### [Required work]
Write out the whole listing exactly; no images belong in it.

### [Exercise data]
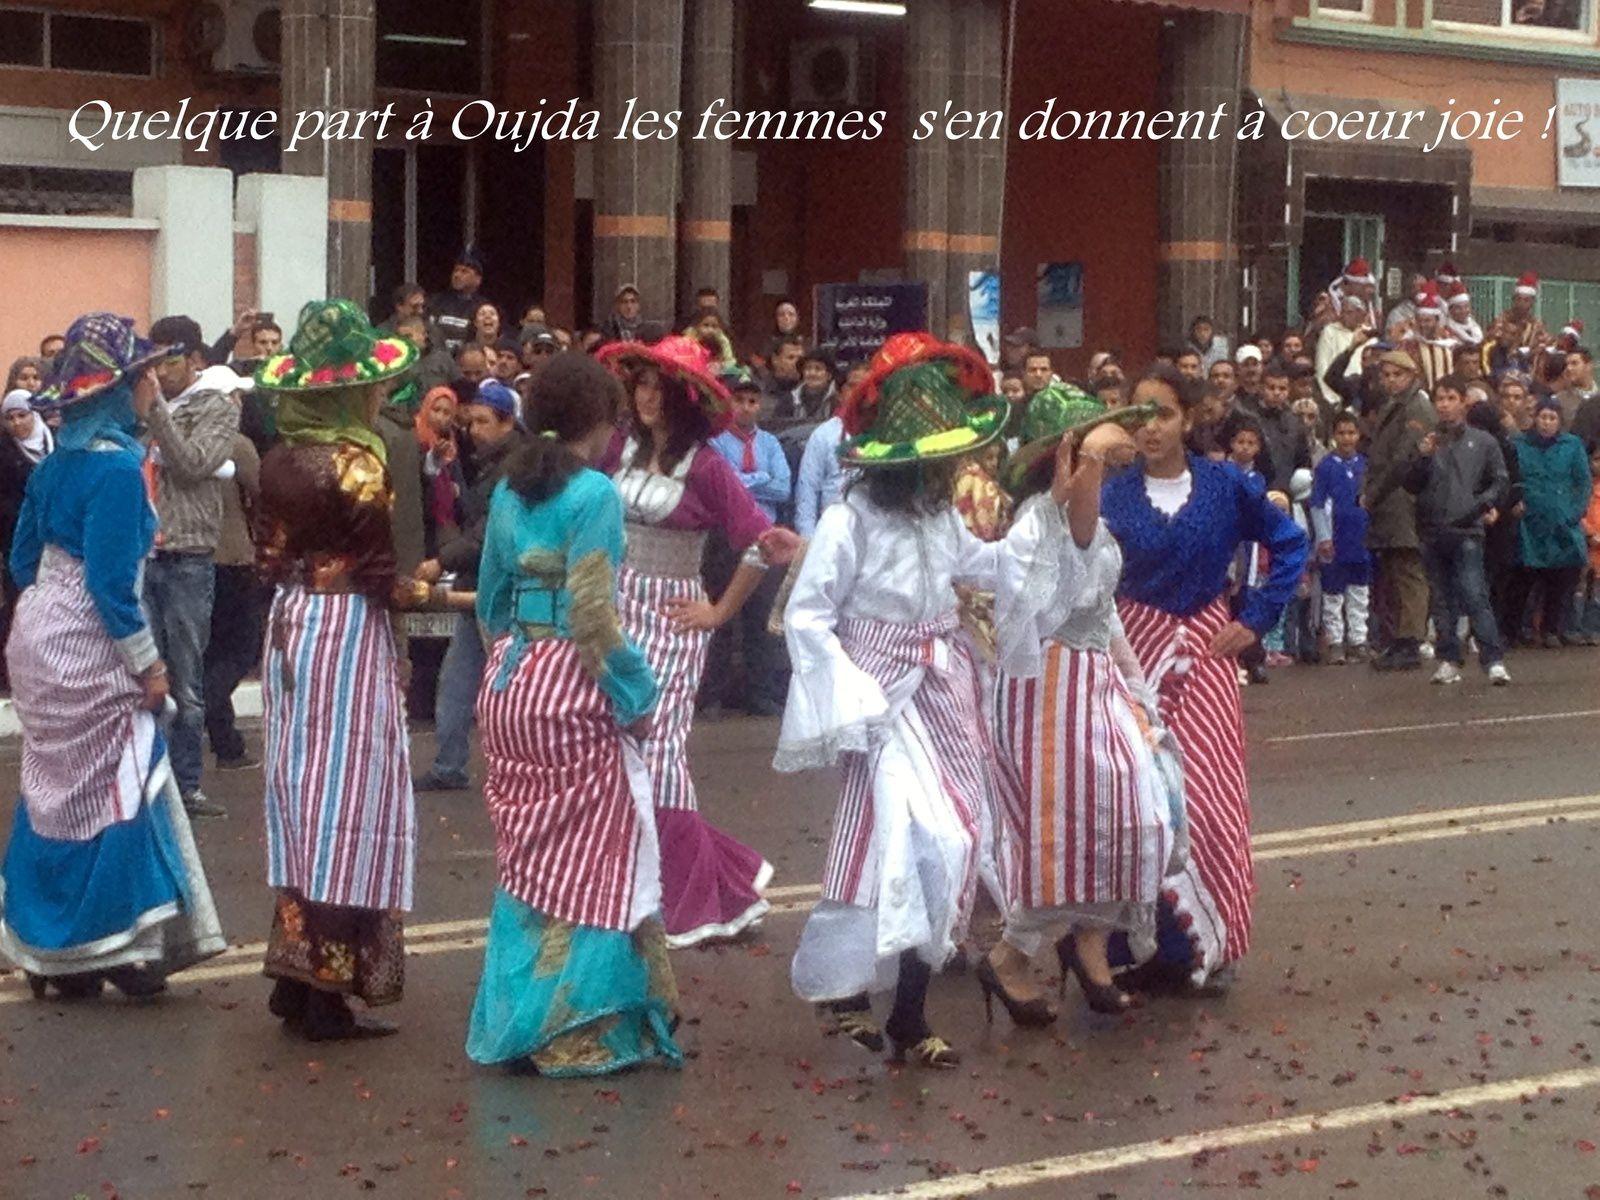 Danse Collective des femmes à Oujda
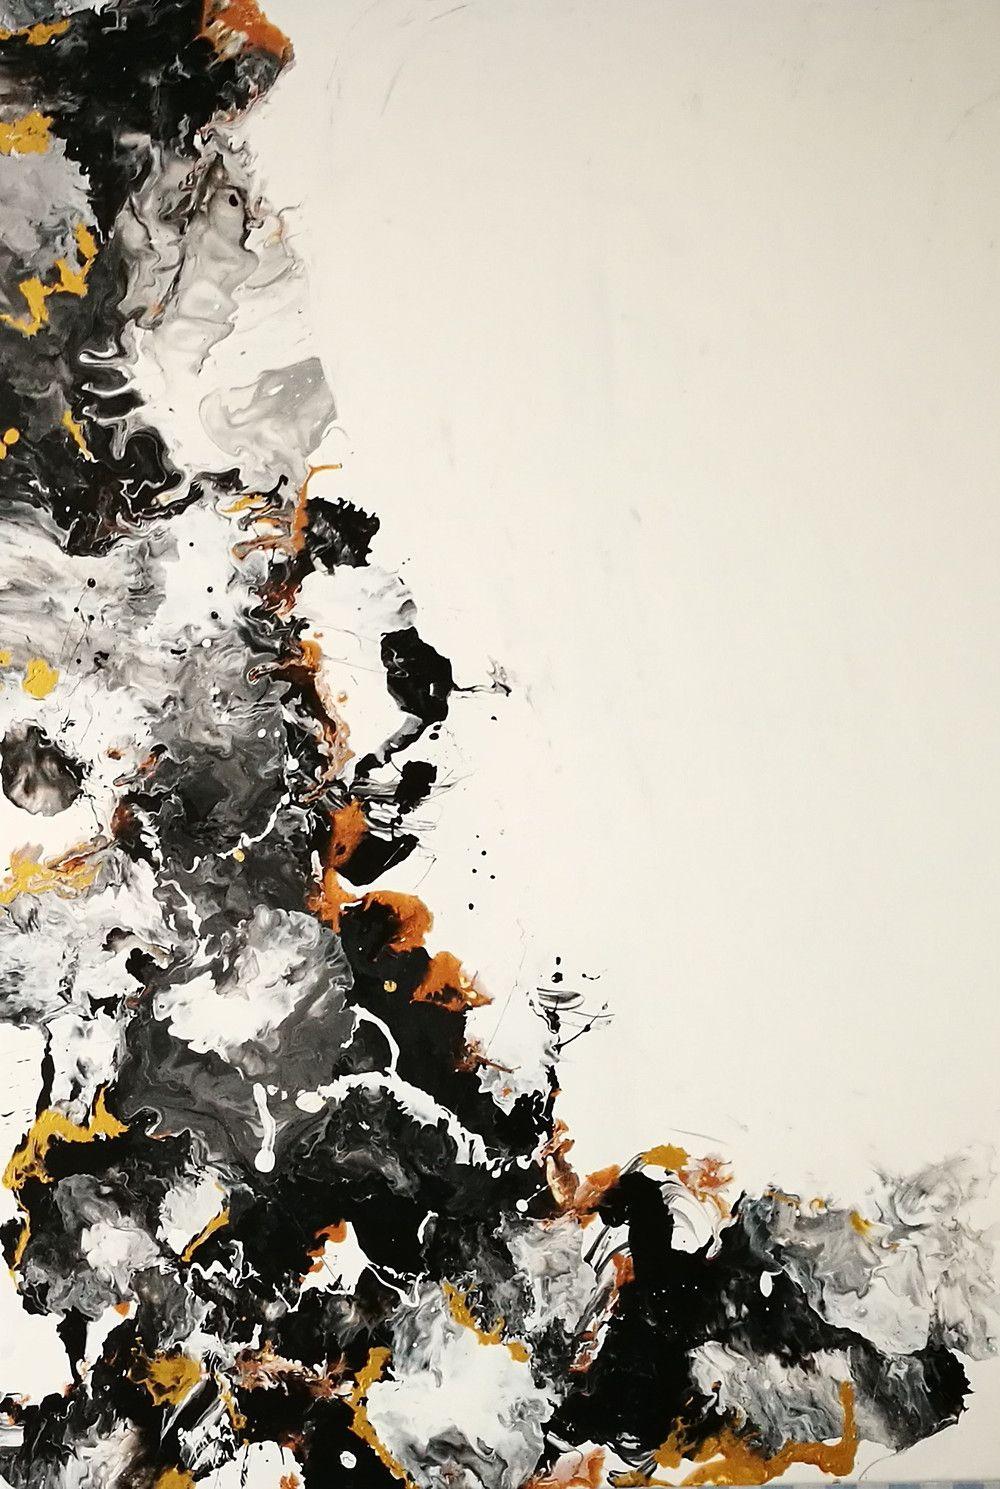 abstraktes in schwarz weiss und kupfer i etsy abstrakt acrylmalerei moderne acrylbilder meer
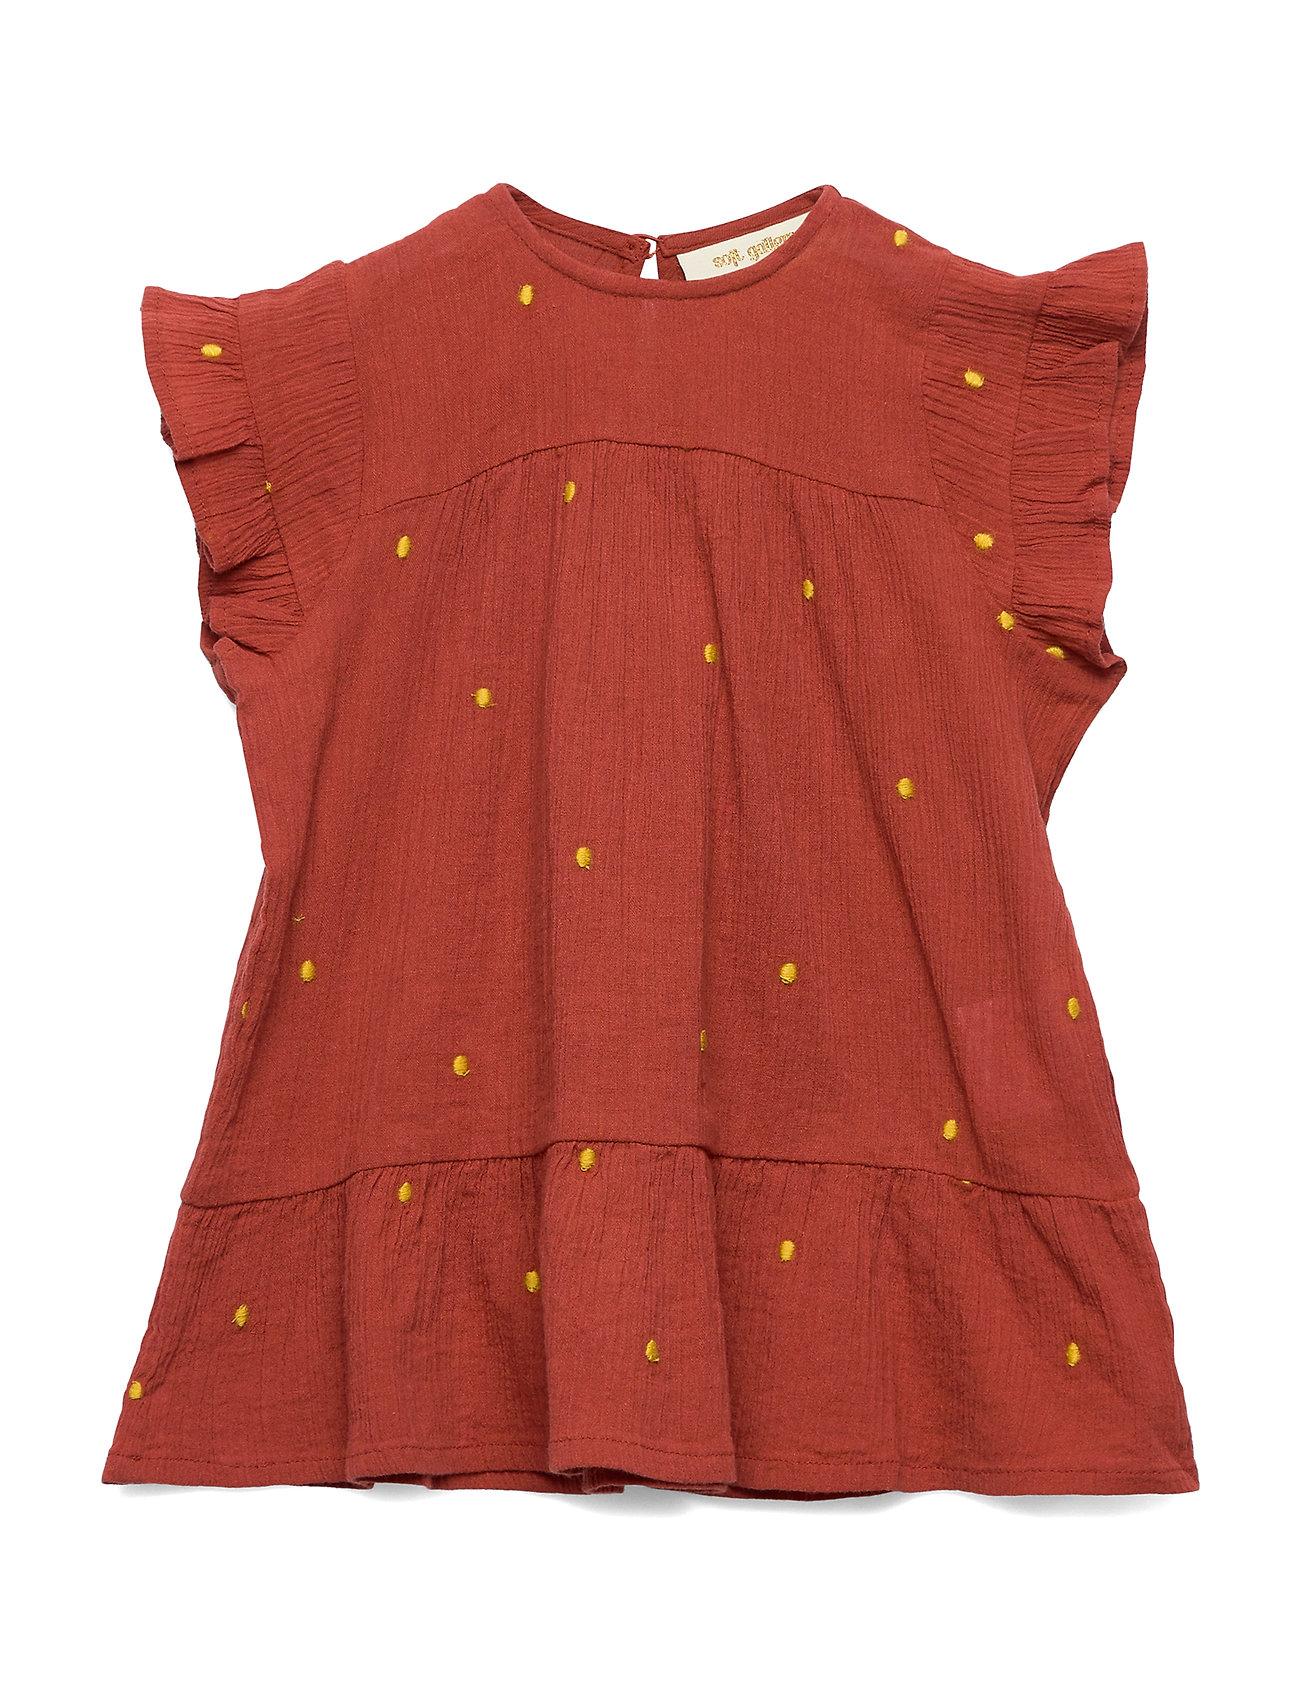 Soft Gallery Fianna Dress - CINNABAR, AOP DOTTY EMB

### [Solution to this task]
 Danse Collective des femmes à Oujda
 abstraktes in schwarz weiss und kupfer i etsy abstrakt acrylmalerei moderne acrylbilder meer
 Soft Gallery Fianna Dress - CINNABAR, AOP DOTTY EMB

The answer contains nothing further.